Mergers and acquisitions are highly complex where right planning and execution is essential during the entire M&A lifecycle including pre-deal planning, due-diligence, deal structuring, integration planning and execution. Today, many companies see mergers and acquisitions as an instrument which help them increase the customer reach, reduce cost, achieve scale. drive revenue growth, diversification and positioning in the market which in turn increase the shareholder value. A recent research suggests that the success rate of M&As is approximately 40 – 50% only 1. M&As provide opportunity to the organizations to be more productive while leveraging the existing assets.
Below are some of the best practices that companies should leverage to achieve the maximum out of M&A activities:
Evaluate corporate strategy before opting for M&A to drive growth: Well-defined corporate strategy and means to achieve the vision are essential to drive the growth engine. Although, there is huge surge in M&A activities, it is essential for the companies to establish broad corporate vision and review existing portfolio against strategic vision. This helps in identification of areas where companies can grow organically and inorganically. Following acquisition strategies can help companies create greater shareholder value:
-Performance improvement of target company by helping them develop their business
-Remove excess capacity from industry by consolidation
-Faster time to market for target’s / buyer’s products
-Faster means to acquire new technologies / skills and at a lower cost
Another important factor to consider before M&A is to assess the capability to undergo such programs and identify key stakeholders and their accountability within the organization.
Involve integration team at the very early stage: Typically, M&A is seen as a separate project to purchase new assets and technology within the organization rather than a means to achieve strategic objectives hence having a separate team to drive the entire integration increases the chances of success. M&As are meant to increase shareholder value for both the organizations, so it is imperative to identify the challenges that may arise at any point for the internal stakeholders and have solution in place to address them. Ideally, integration team should be involved during the due-diligence process itself to better understand the structure, identify synergy opportunities and other areas which can deliver quick results for the merged entity. It also helps the team define high level pre-deal integration plan and complete initial diligence to identify synergies.
Look beyond financials during due-diligence: During the evaluation and due-diligence process, companies perform financial / accounting, tax and commercial diligence and leave scope for finding new sources of generating value. Valuing the target and identifying risks involved in the deal is imperative but companies need to look beyond the value that justifies the transaction. Detailed due-diligence provides companies to identify synergies within different functions including HR, IT, business operations etc. and set the basis for refining integration planning. It is important to consider other factors like organization, environmental and integration issues in the due-diligence process.

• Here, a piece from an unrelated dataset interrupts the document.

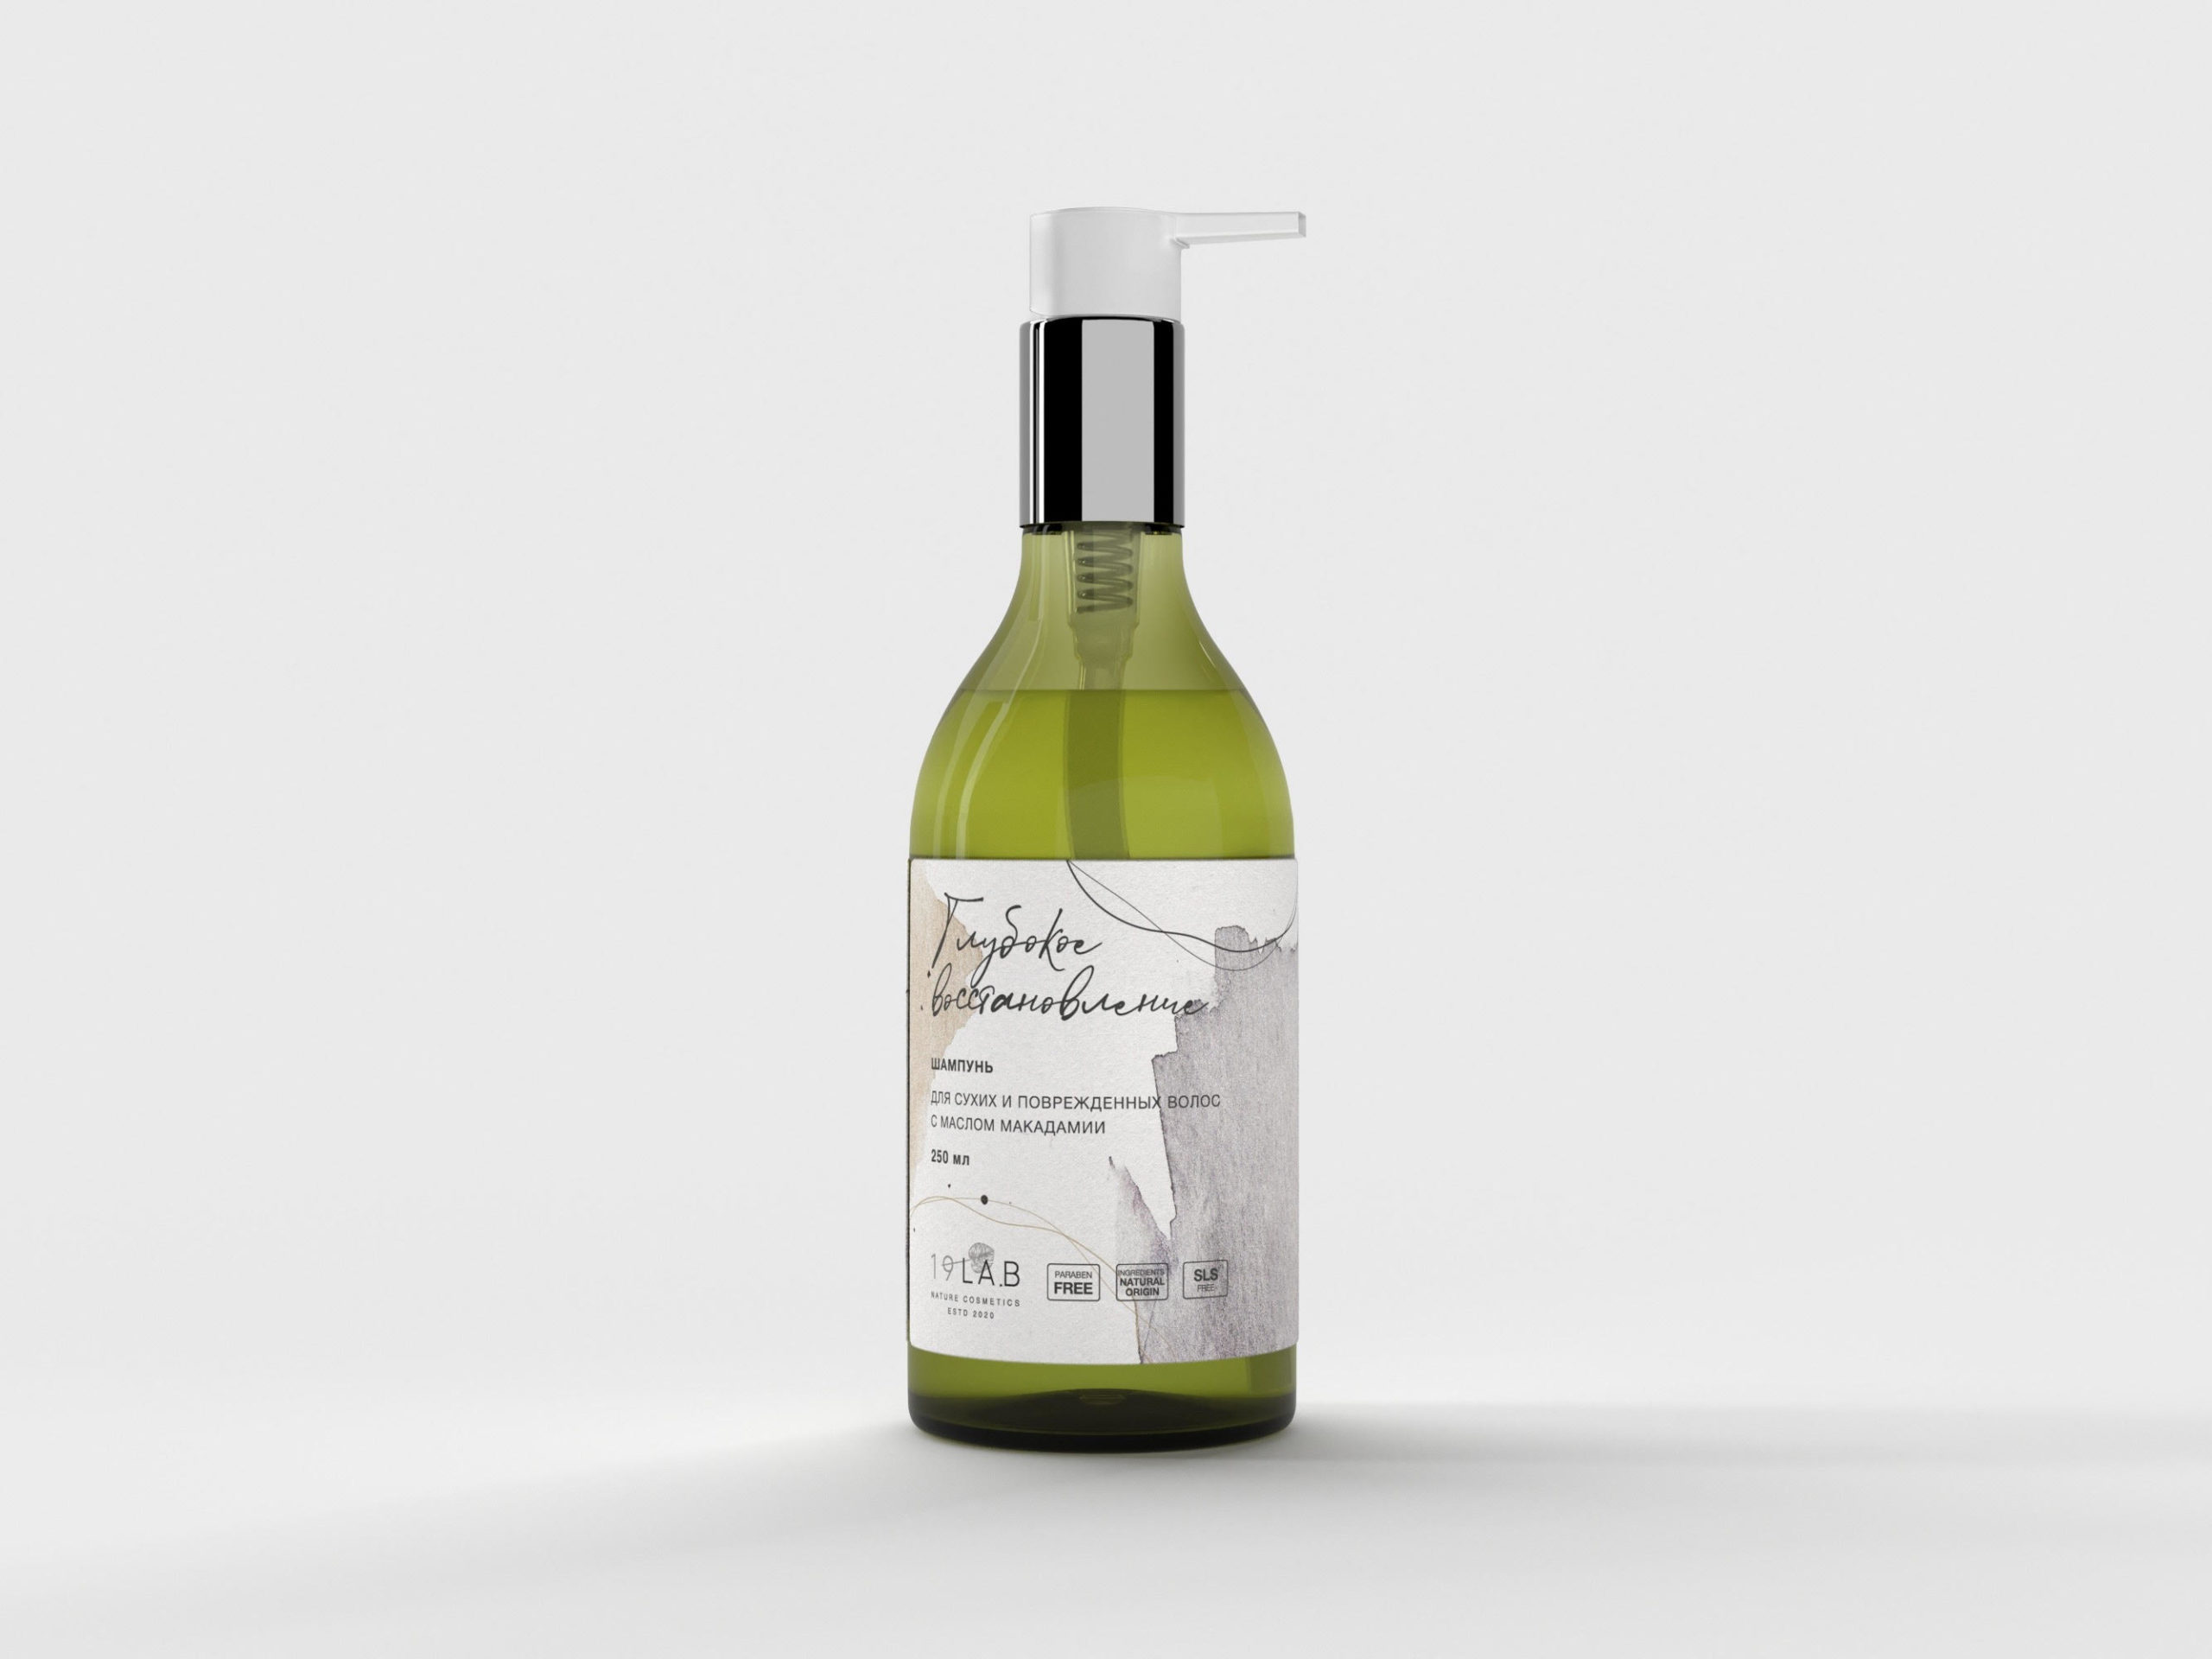 Шампунь для сухих и поврежденных волос с маслом макадамии 19LAB

Focus on culture: Greater cultural understanding prior to the merger significantly improves chances of integration success however very few companies focus on understanding cultures during integration. This includes identifying the extent to which employees take responsibility and how layered hierarchy is, approach towards innovation and how customer external relationships are managed. Companies fail to understand that no two companies are cultural twins which can get along with each other just like that. Companies never keep culture as the screening criteria while evaluating the options for a potential merger.
Capture Combinational synergies and identify Transformation opportunities: Combinational synergies typically involves merging operations, function and processes etc. to drive greater efficiency and achieve economy of scale. These are easy to manage, quantify and are less risky. But bringing two different entities also present the opportunities to unlock new opportunities to transform different functions, processes and business units to position merged entity differently among peers, reduce working capital and drive better efficiency and productivity.

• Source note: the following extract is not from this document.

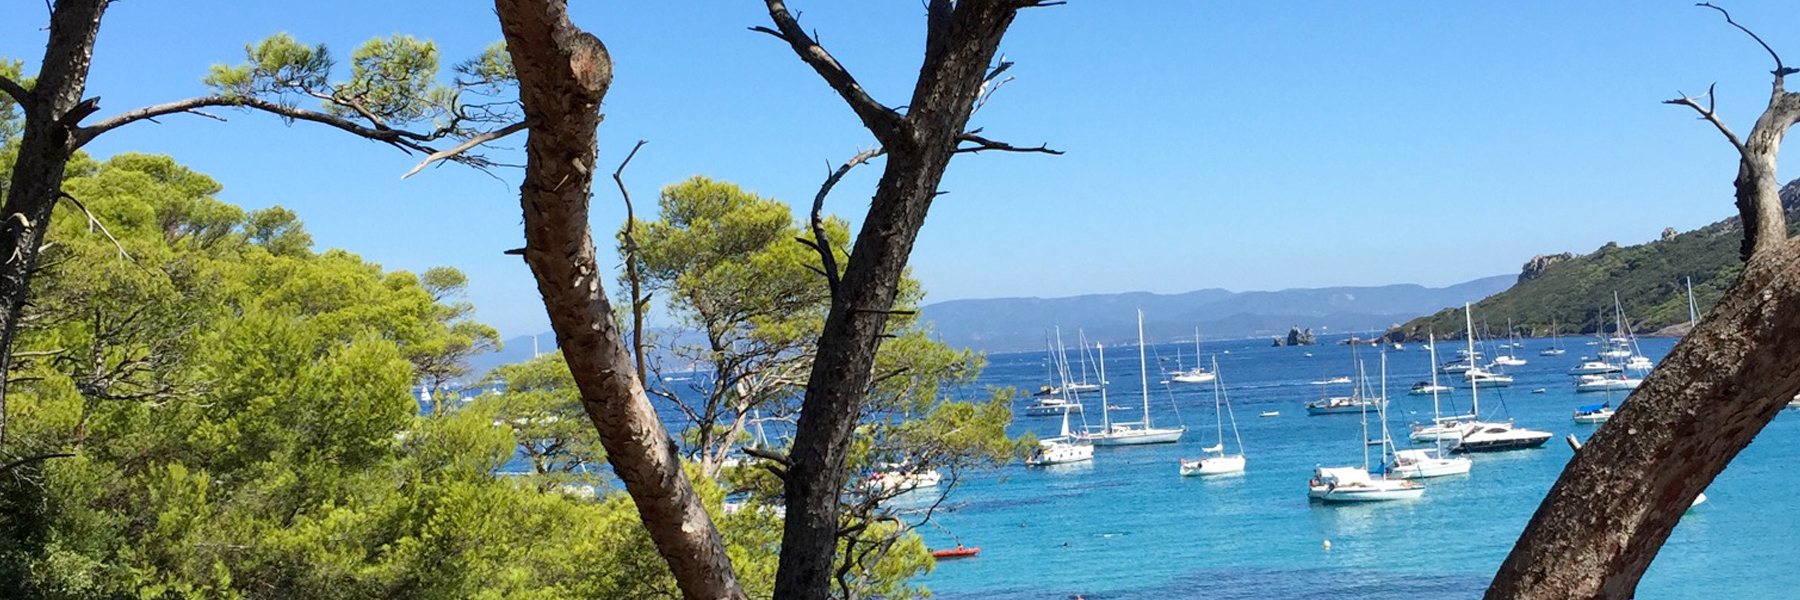 Azur et mer

Develop and execute integration strategy: The primary reason for failure of M&As in the past is lack of good enough integration plan. It is imperative to establish operating model and overall integration blueprint to drive customer, market, product and organizational strategies for the merged entity. The day-1 and end state operating model and requirements are to be assessed against organization and functional capabilities. It is also important to address people and cultural issues in the integration plan by having a governance model where roles and responsibilities of different functions and individuals are well-defined in the merged entity. Companies need to build an approach that is flexible enough to allow the leadership team to unlock new avenues of transformation while driving the combinational synergies. Having an integration plan in place also help speed up the process of integration as maximum synergies are realised to highest in the initial 90 days of integration.
Periodic reporting and tracking: Rigorous mechanism for tracking and reporting of the synergies identified during the entire lifecycle of M&A is essential to get the maximum benefit. It is important for leadership to be deeply involved in the governance and tracking to review the output and take necessary action to sustain the momentum and locate the new sources of value creation.
Drive change through effective communication: Mostly, communication regarding change in processes and systems is not communicated to customers and internal teams upfront. Companies take opposite approach and post-merger revenue suffers in many cases due to lack on buy-in from the different teams. Additionally, critical resources leave companies due to uncertainty in their roles and leadership structure. Hence it is essential to drive top-down communication from the start of the integration.